Thomas' 1968 Camaro was in the driveway. It was a piece of junk and the neighborhood association had complained about it on several occasions, but Thomas loved it and refused to hide it in the garage. Even though neither he nor I knew all that much about cars, we'd always planned on restoring it, a project that had never even got started, while I was there. Yet now I could see that some work had been done on it; the trunk was no long lop-sided, and the driver's door had been replaced.

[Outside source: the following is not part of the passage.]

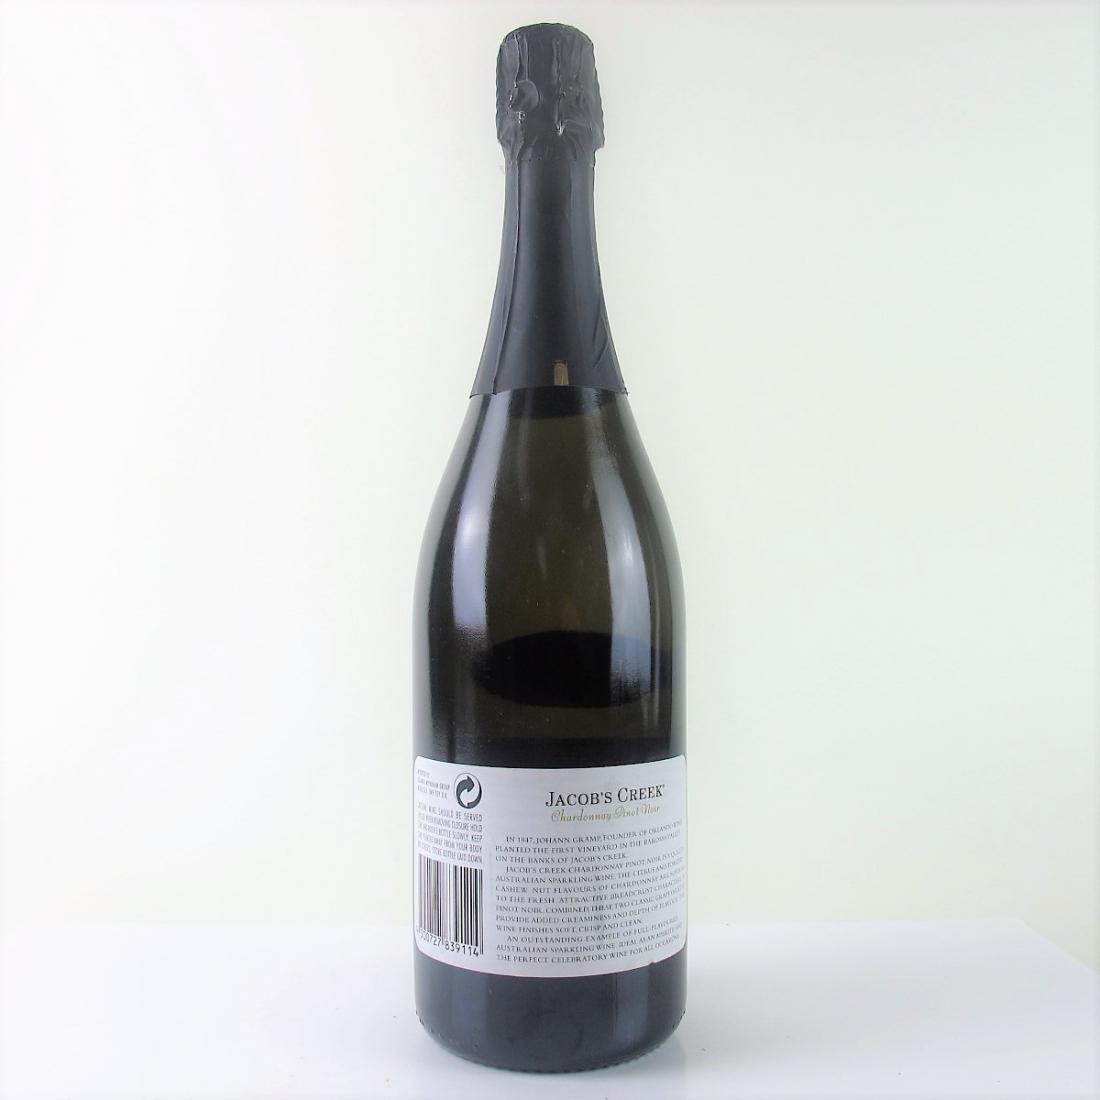 Jacob's Creek Australian Sparkling Wine

Even this clear sign that Thomas was moving on without me wasn't enough to upset me.
I still had a key, but I rang the doorbell and waited a little bit before letting myself in the front door. Thomas came down the stairs, wearing a T-shirt and pair of cargo shorts. I hadn't really noticed it this morning, but his normally pale skin was tan, as if he'd been on vacation. It startled me, this sudden realization that shouldn't have been so sudden that not only did I no longer know what Thomas was up to, I didn't even have the right to know.
"Hey, Scott," he said.
"Hey."
He smiled tentatively, standing a couple of steps above me, so that I had to look up.
"Did you find boxes? Because I realized there were still some left in the attic, from when we moved in, if you didn't."
We'd moved into our house in 1993 and hadn't gotten around to repairing the roof until three years later, so I had to wonder what shape those boxes were in. Heck, we'd probably used them to stop up the leaks.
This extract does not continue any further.